Setting and Hook (introduce conflict)
Rising action (conflict intensifies)
Dialogue, action, description
Falling action/Resolution
Conclusion: Reflect on experience and
strive for a thesis (observation about
what you learned from the
experience)
4 How it
concluded
1 Where
When
Who
Issue of
moral
conflict
3 What I
learned
2 What
how
Example
Life or death, sickness or health, loyalty or betrayal, honesty or falsehood: all of these pairs of
opposites might make readers think of marriage vows. To make a vow is to make a promise. To break
that promise is to demonstrate to the world a message about one’s ethics. I got stuck on the notion of
sickness and health. I began to think about books I’ve read and reconsidered one of my favorites. It is a
book about sickness and about health. It is not about marriage, but it is about a vow that Dr. Paul
Farmer believes every member of the human race makes to his or her fellows. In the book Mountains
Beyond Mountains, author Tracy Kidder introduces readers to Paul Farmer, an unusual and brilliant man,
who made significant changes in the health care available to the poor in Haiti. He also became a leader
in the World Health Organization, pioneering treatments for drug-resistant tuberculosis. The moral
issues raised by the story are two-fold. First, does every human being deserve health care? Second,
does having a resource – like knowledge or wealth – bequeath one with the moral responsibility to use
that resource to benefit the world.
But first, let me share with you that Paul Farmer’s parents were weird. Very weird. They raised
him and his sisters at times on a broken down school bus and at other times on a sail boat. For long
stretches, he did not attend regular school and when he did, he was so focused on learning and set
apart from his peers by his advanced knowledge that he was a straight up outcast. He went to Harvard
on a full scholarship, became a doctor, and became a teaching doctor at Johns Hopkins medical center.
He also went to Haiti where he opened one and then several clinics.

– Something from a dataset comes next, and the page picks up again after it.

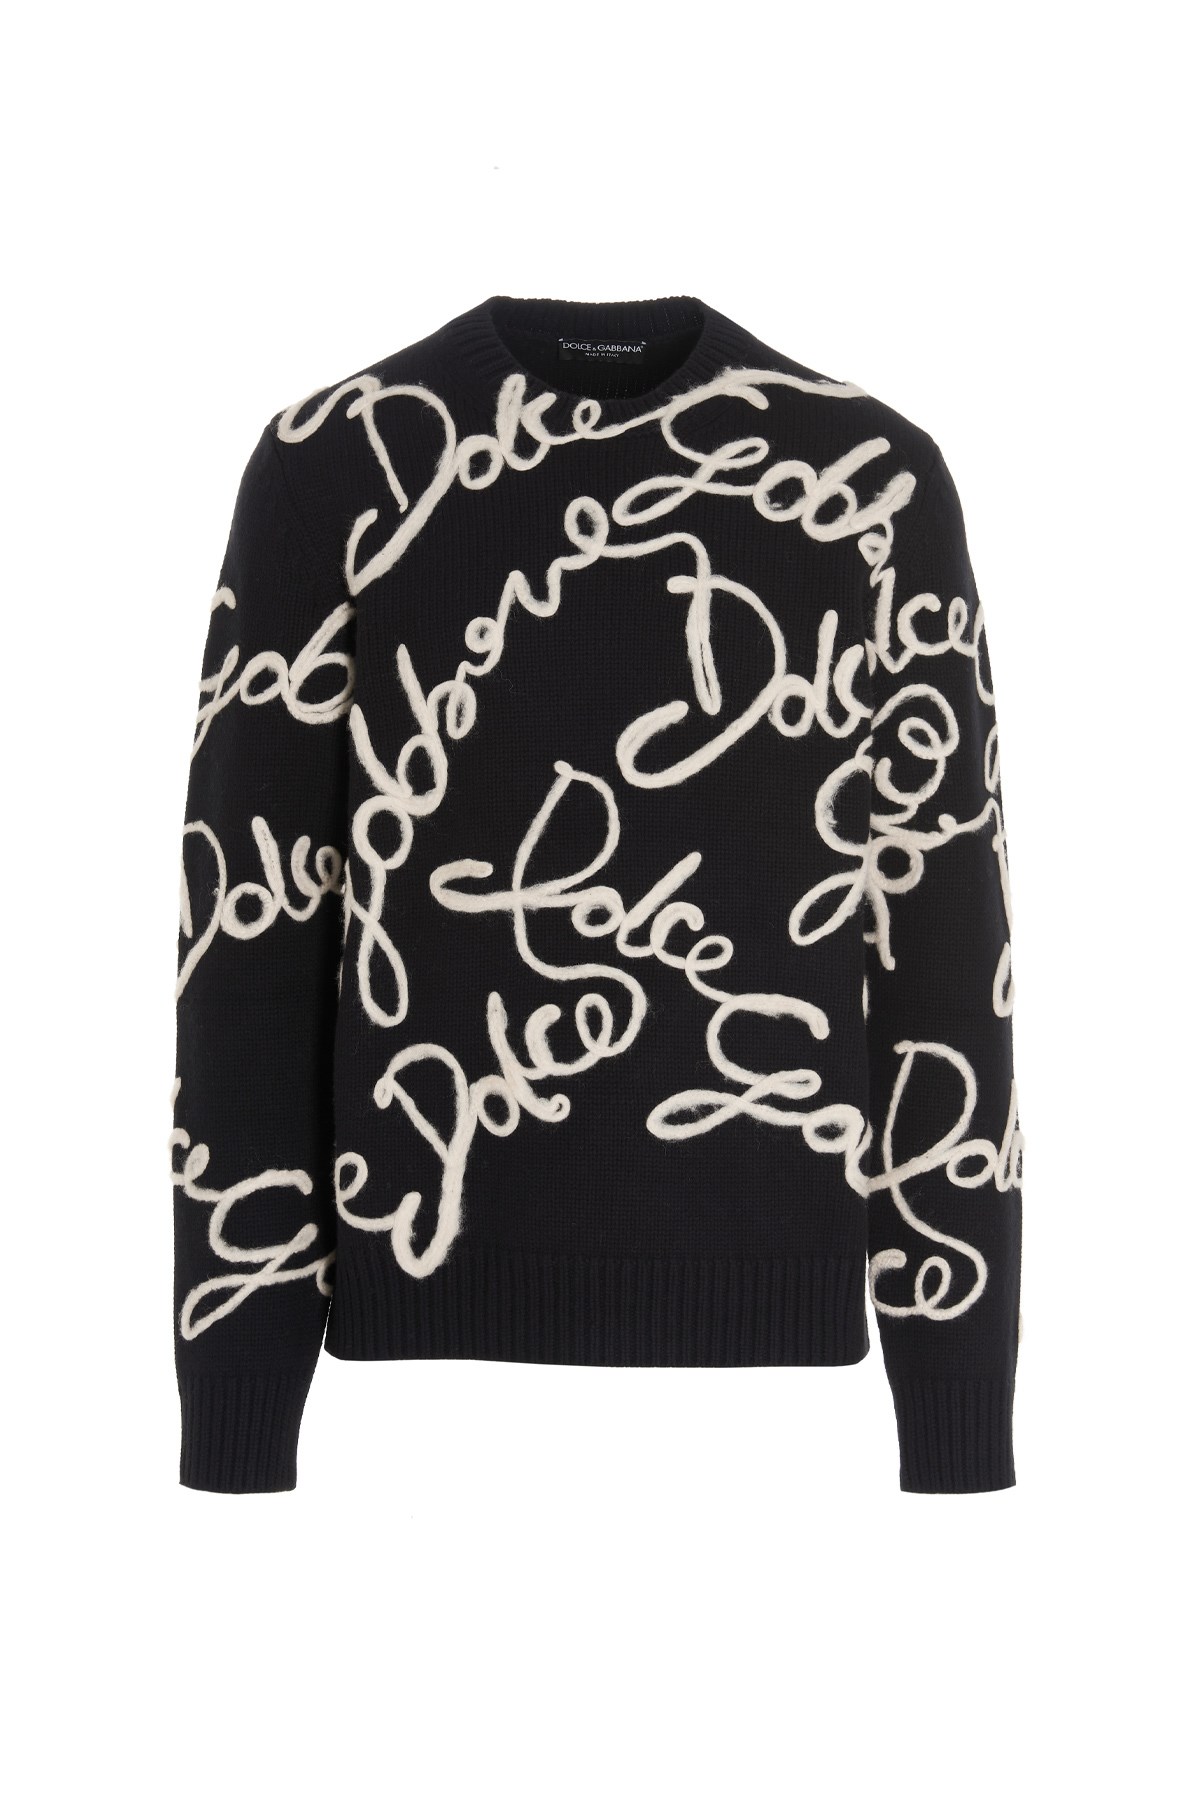 DOLCE & GABBANA Logo Intarsia Sweater

He would travel 8-20 miles to the
homes of his patients who lived in remote Haitian villages to make sure they took their medication.

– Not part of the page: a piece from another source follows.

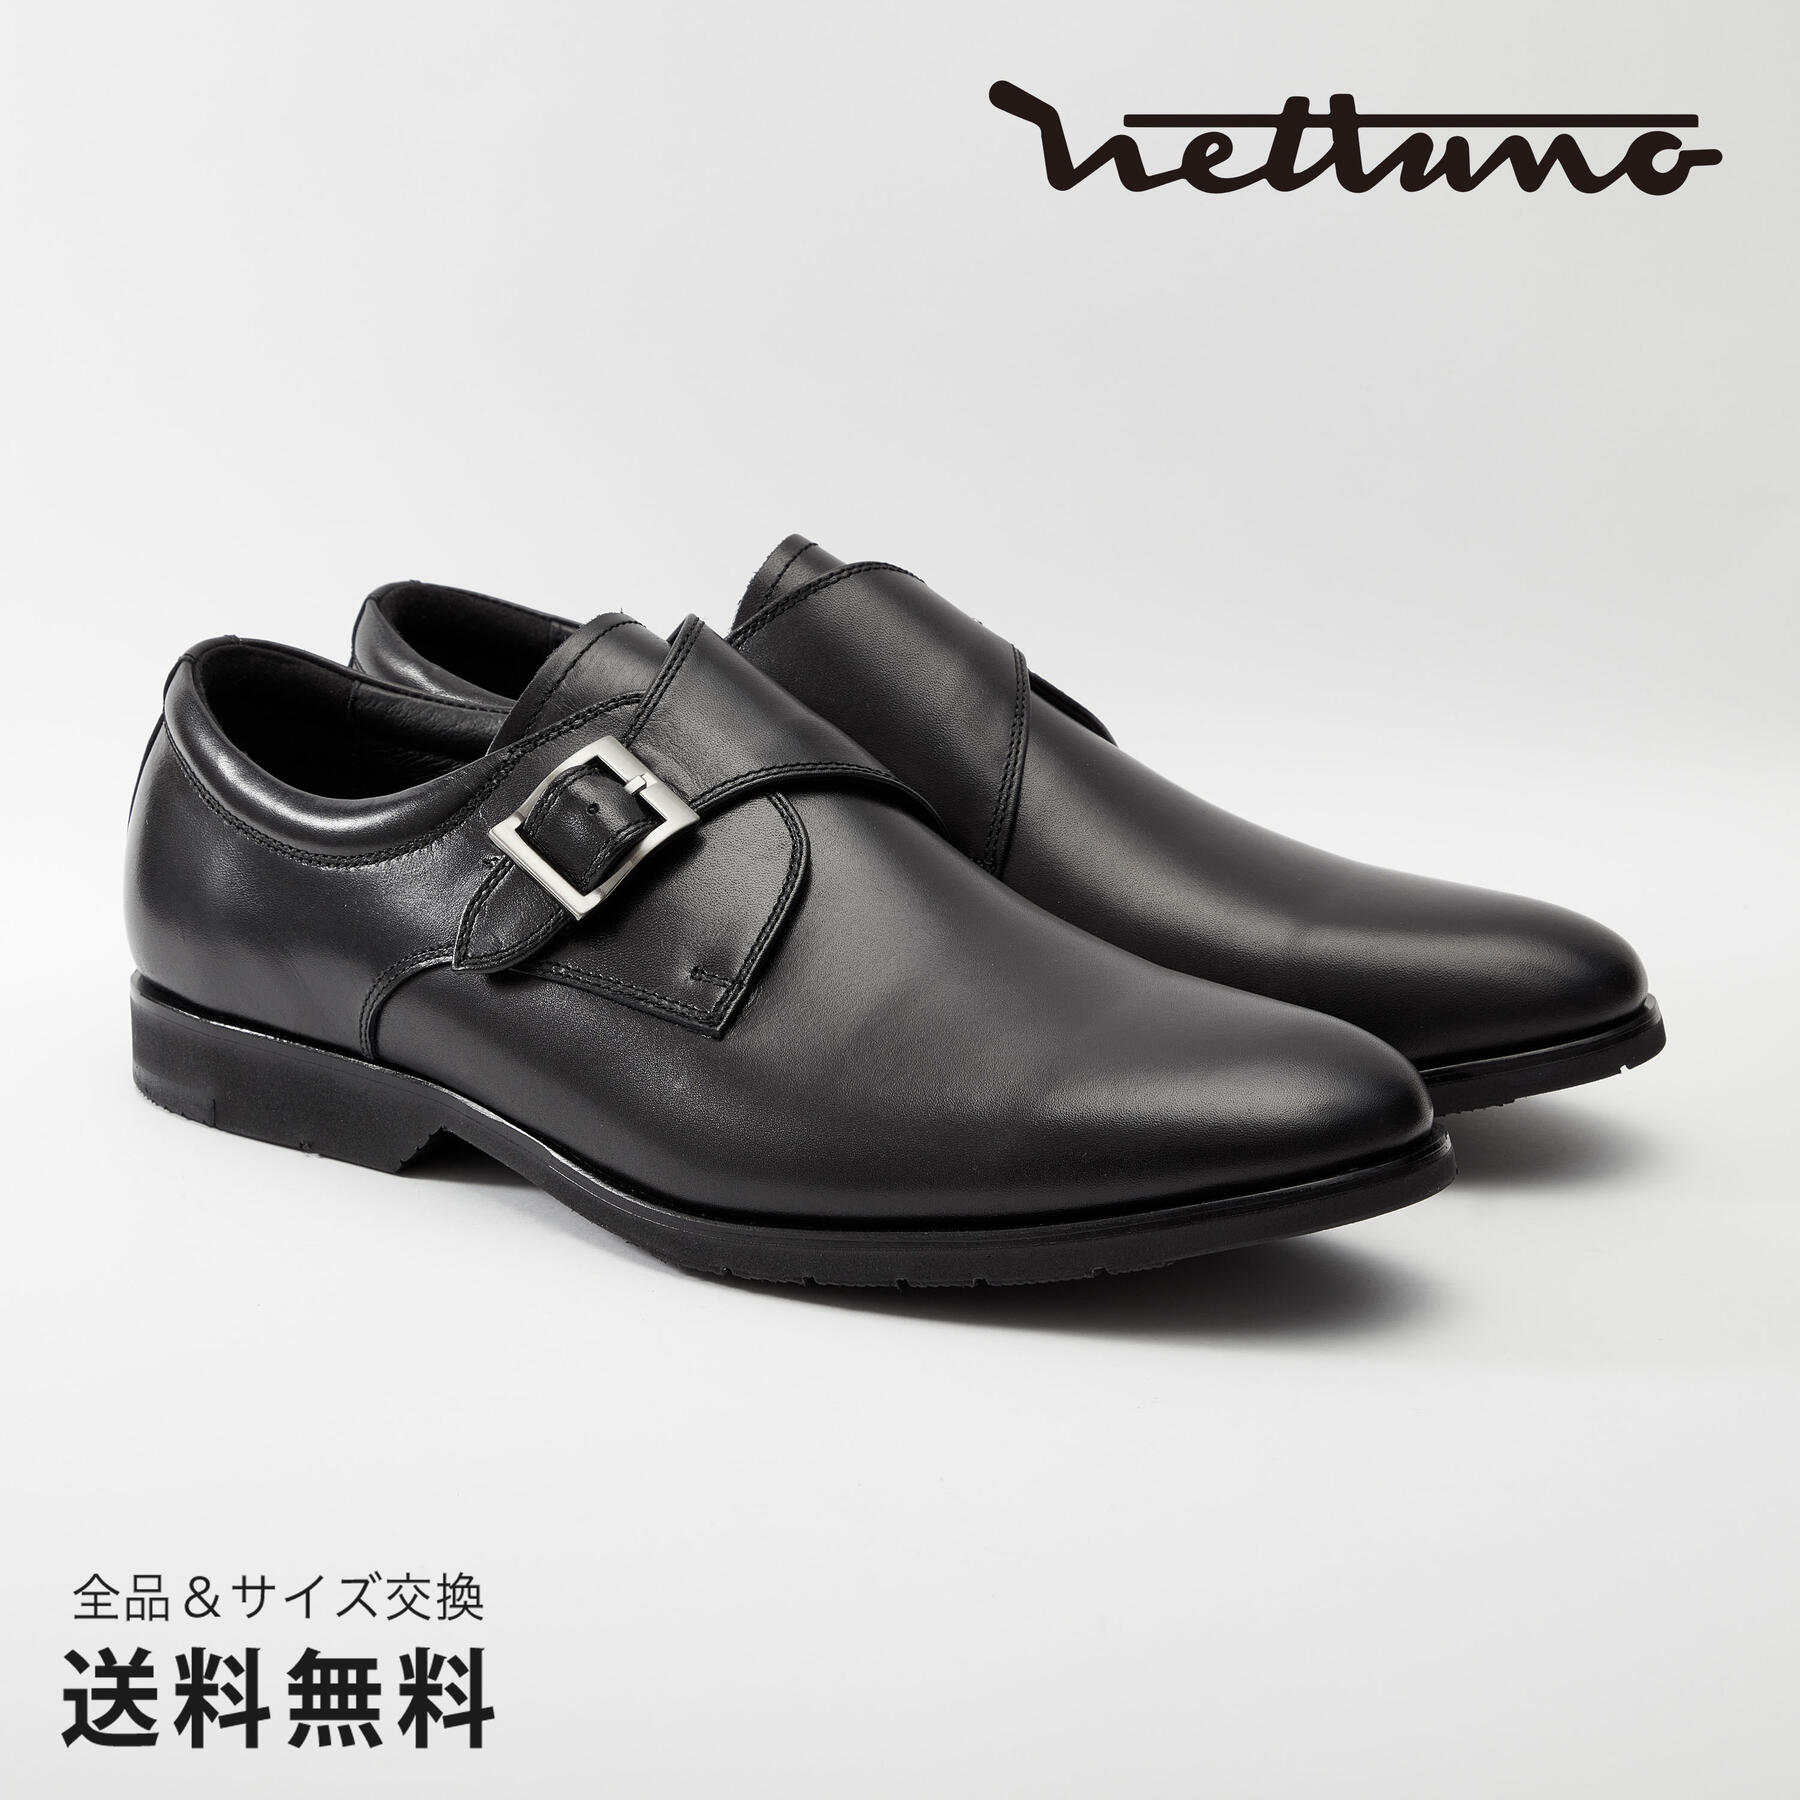 NETTUNO ネッツーノ モンクストラップ 4E 革靴 防水キップレザー ラバーソール ブラック セメンテッド 黒 BLACK 64620 日本 靴 メンズ靴 ビジネスシューズ サイズ 24.0 - 27.0cm

Through this direct patient contact, he discovered that failure to take tuberculin medication had created
new and dangerous strains of TB which were resistant to all known drug combinations. He donated all
of his salary to run his clinics and lived a monastic lifestyle in simple accommodations while in Haiti.

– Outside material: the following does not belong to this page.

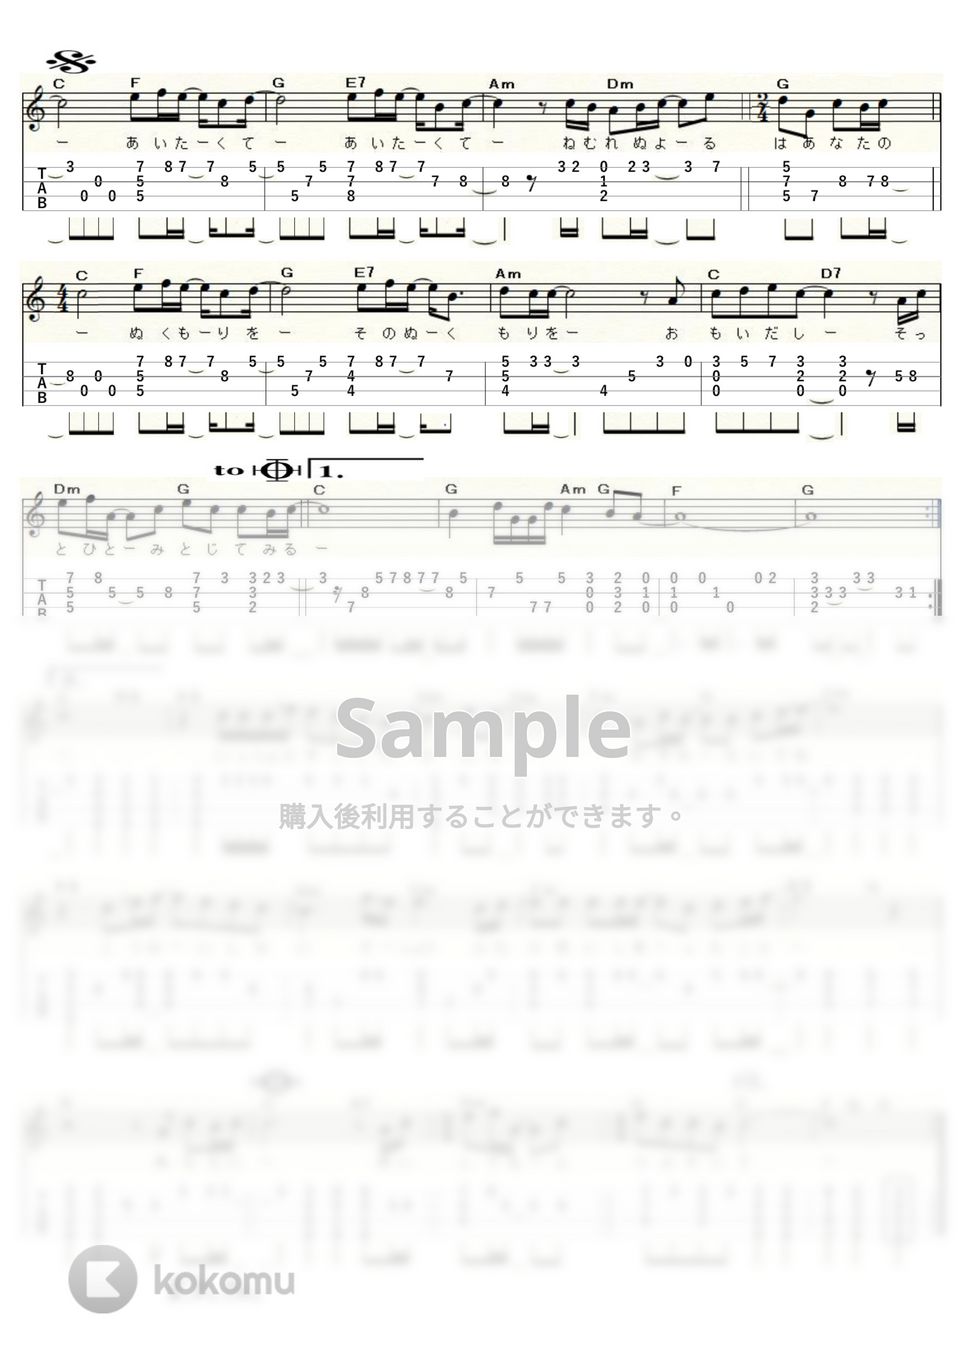 松田聖子 - あなたに逢いたくて~MISSING YOU~ (ｳｸﾚﾚｿﾛ/High-G,Low-G/中級) by ukulelepapa

When not in Haiti, he spent months teaching medical students in the States and months
traveling and speaking at the World Health Organization (WHO) conferences about the problem of
inflated prices for TB medication. He was influential in getting the WHO to establish fair and reduced
prices – as well as donations – of medication that helped reduce and eradicate TB in lesser developed
countries around the world. He was fueled and motivated to work tirelessly by what he saw as the
immoral pricing of life-saving medications by pharmaceutical companies.
In donating his salary, his time, and in dedicating every waking moment to his patients in Haiti,
his students at Johns Hopkins, and to the WHO member nations, Paul Farmer’s life is a resounding YES
to the question: Does having wealth or knowledge create a moral imperative for one to share it with
others? And on the question of deserving health, his work with leaders in health care around the world
to provide free medication to the poorest and sickest of the world demonstrates that one of his values is
health as a birthright. I agree with him wholeheartedly.
Recently, I read a story about a kid who was adopted from Guatemala and raised in Georgia.
He’s now seventeen. He was featured in a photo exhibition of adolescents around the United States. IN
his statement, he shared that he would have been dead if he stayed in Guatemala because at the age of
four months, he suffered a blood clot in his brain. American hospitals recognized and treated it right
away. Whether it’s an easily cured illness like tuberculosis or an emergency health situation like this
teen’s blood clot, I do believe that I and others need to help make access to life-saving medical
technology available to all human beings, regardless of where they are or what they earn.